> _EXERCISE DIRECTIONS_: When a picture appears in the listing, leave it out and copy the rest exactly as it stands.

> _THE DATA_:
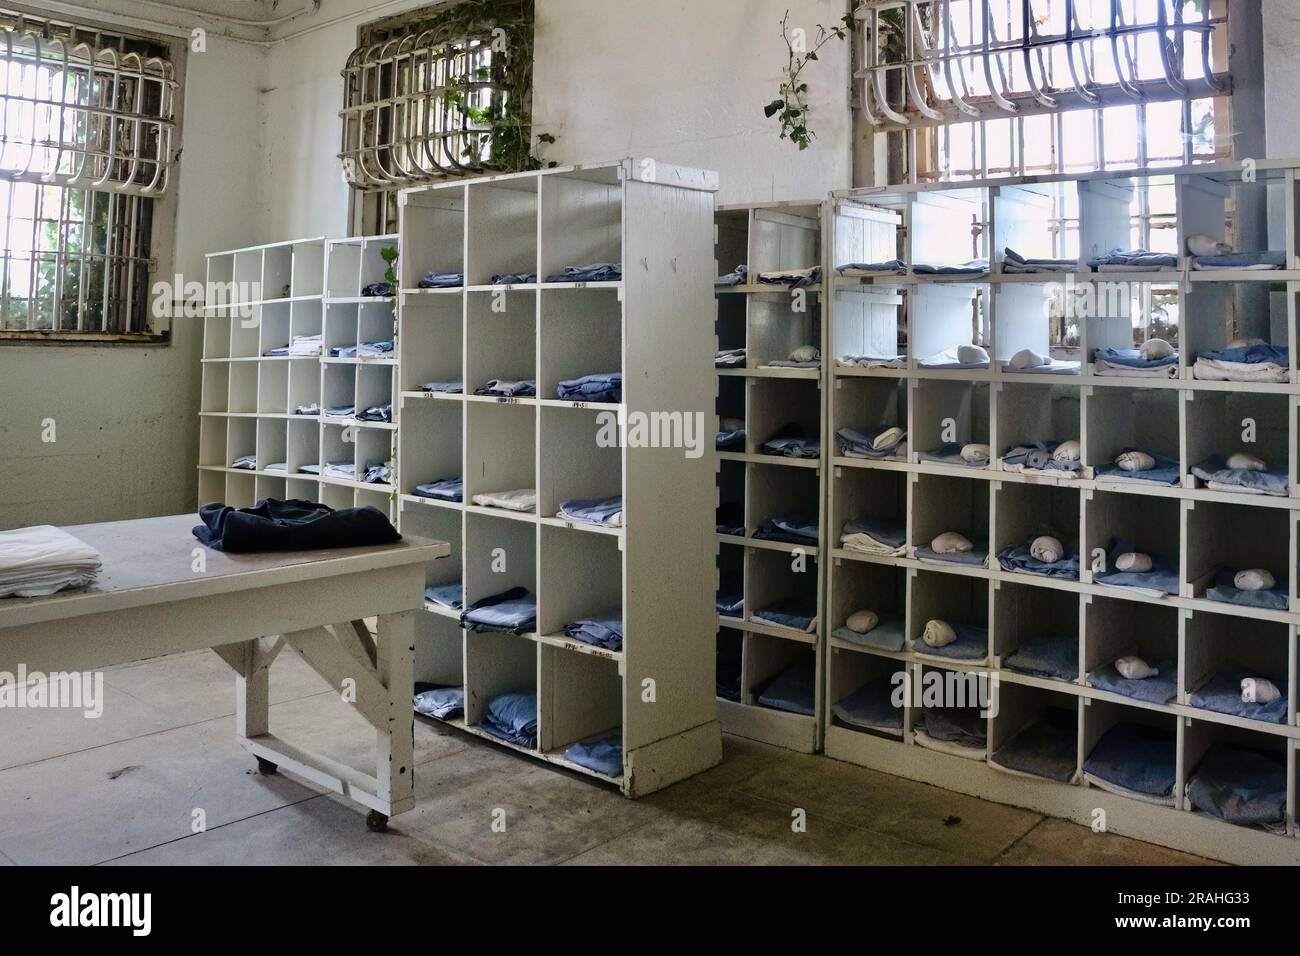 Laundry room with shelves of uniforms and linen Alcatraz Federal Penitentiary Alcatraz Island San Francisco California USA Stock Photo
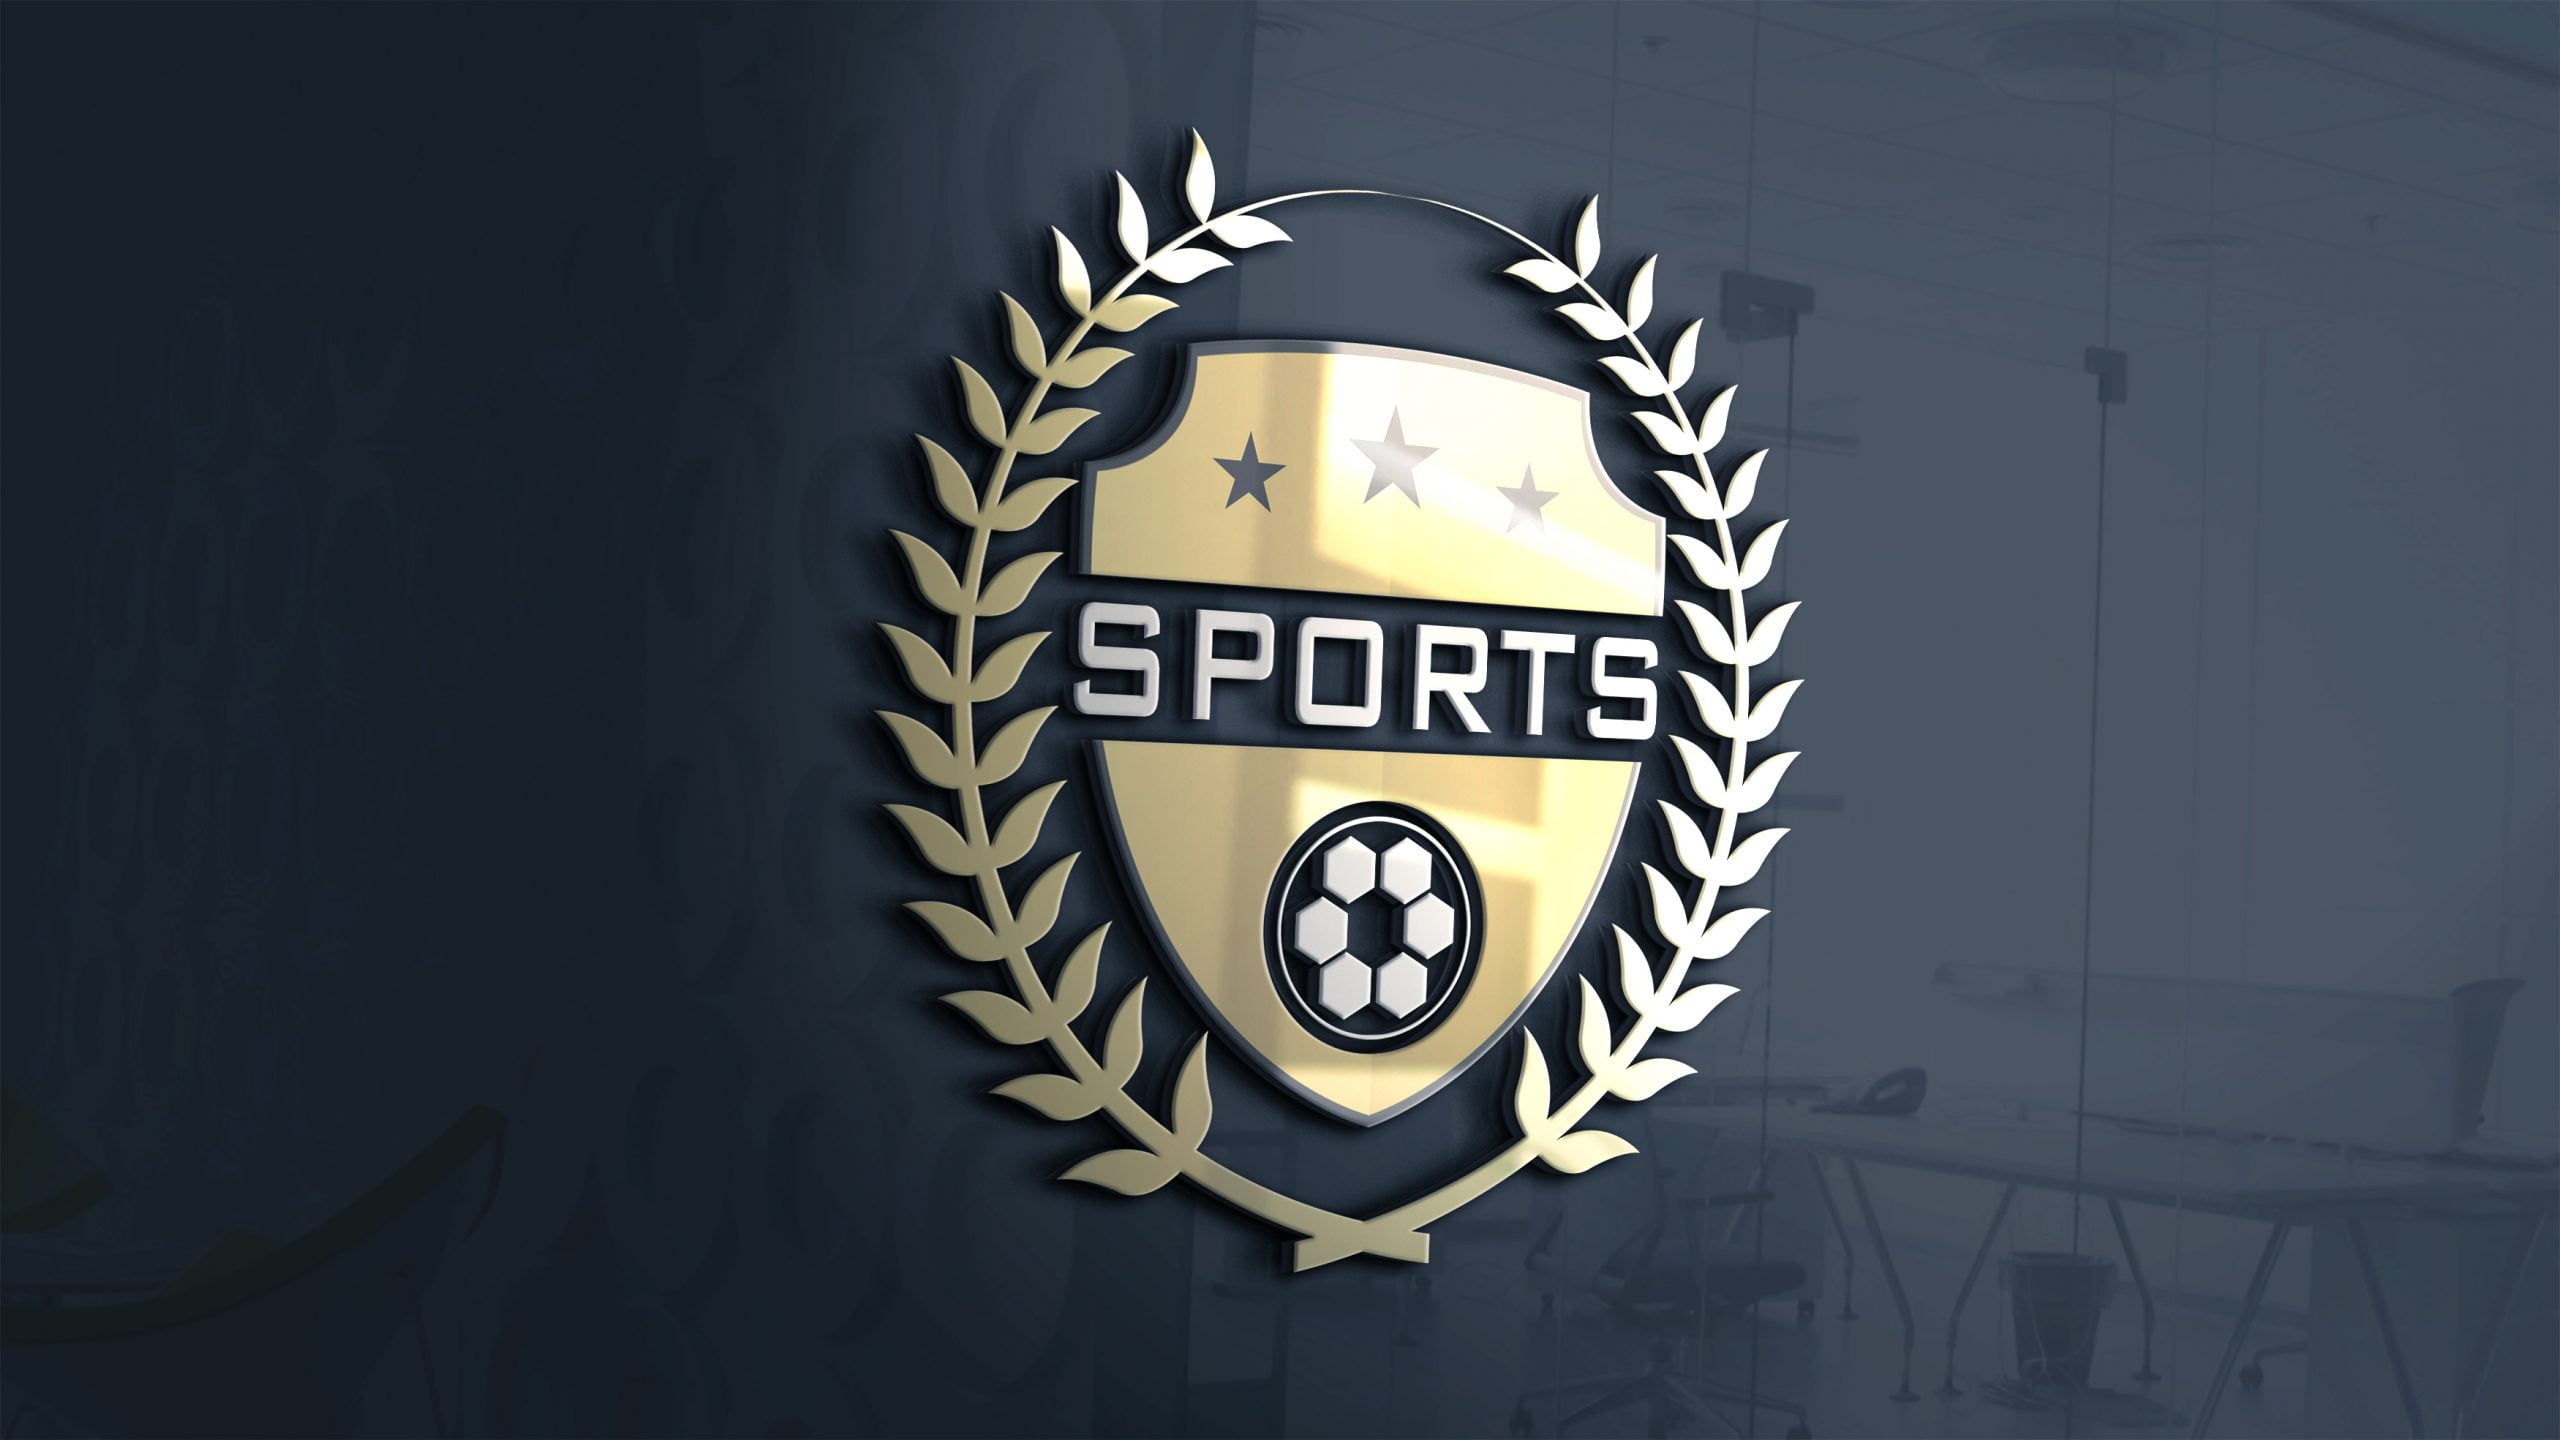 Football Club Emblem Logo Template Photoshop Source
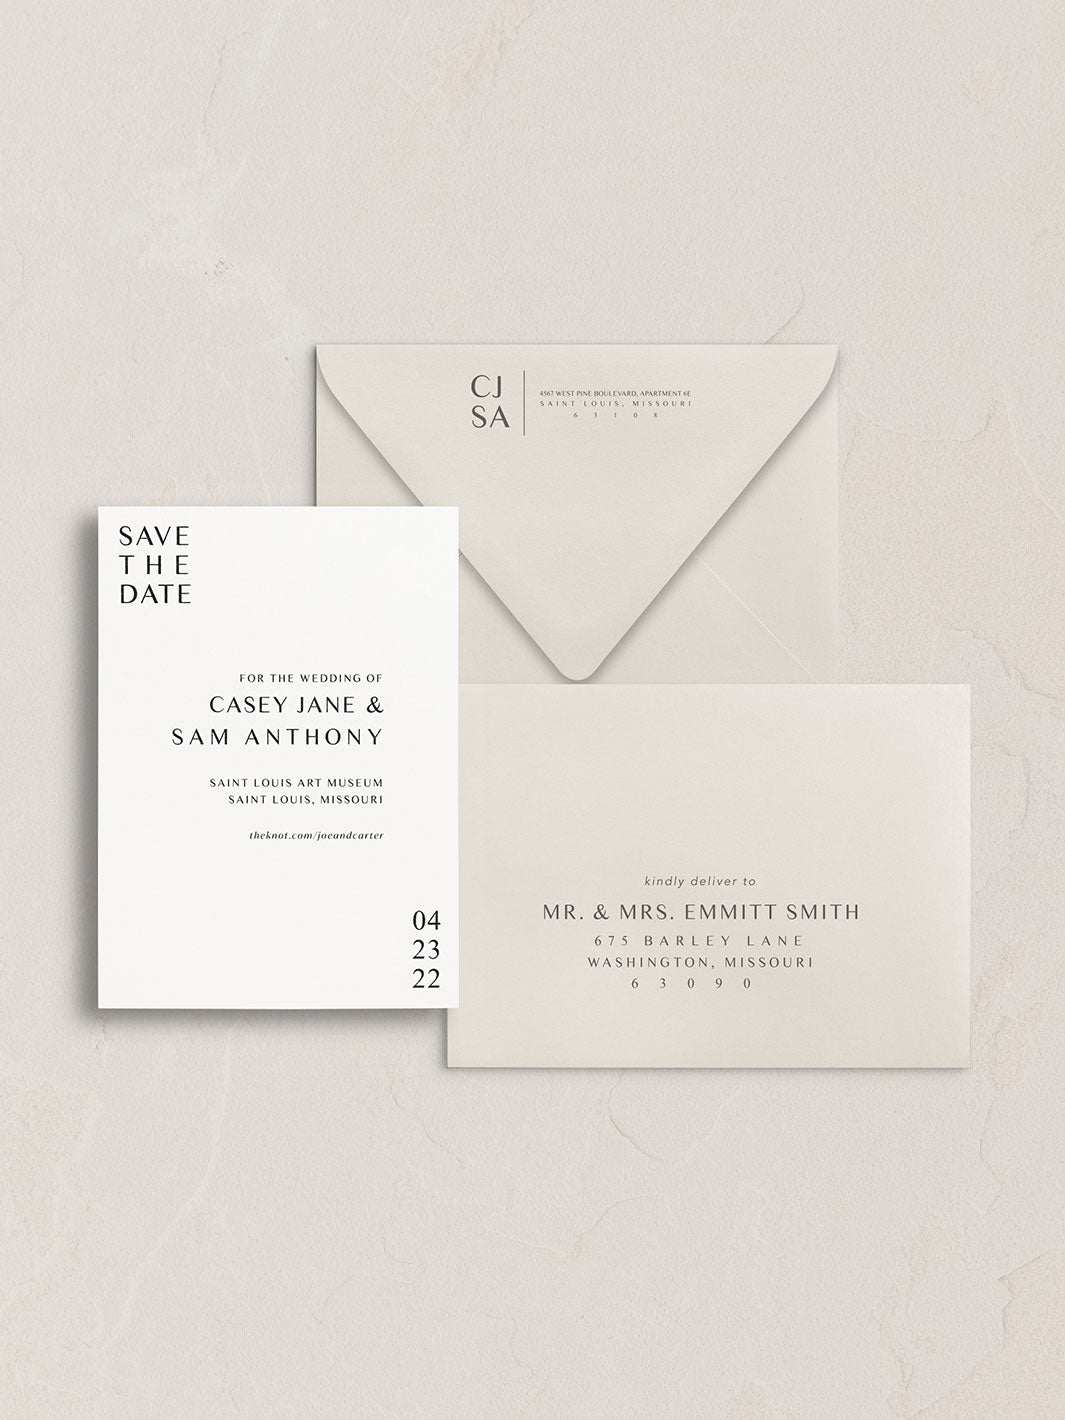 Casey Semi-Custom Wedding Invitation Suite from Leighwood Design Studio

> _TASK ANSWER_:
 Laundry room with shelves of uniforms and linen Alcatraz Federal Penitentiary Alcatraz Island San Francisco California USA Stock Photo
 Football Club Emblem Logo Template Photoshop Source
 Casey Semi-Custom Wedding Invitation Suite from Leighwood Design Studio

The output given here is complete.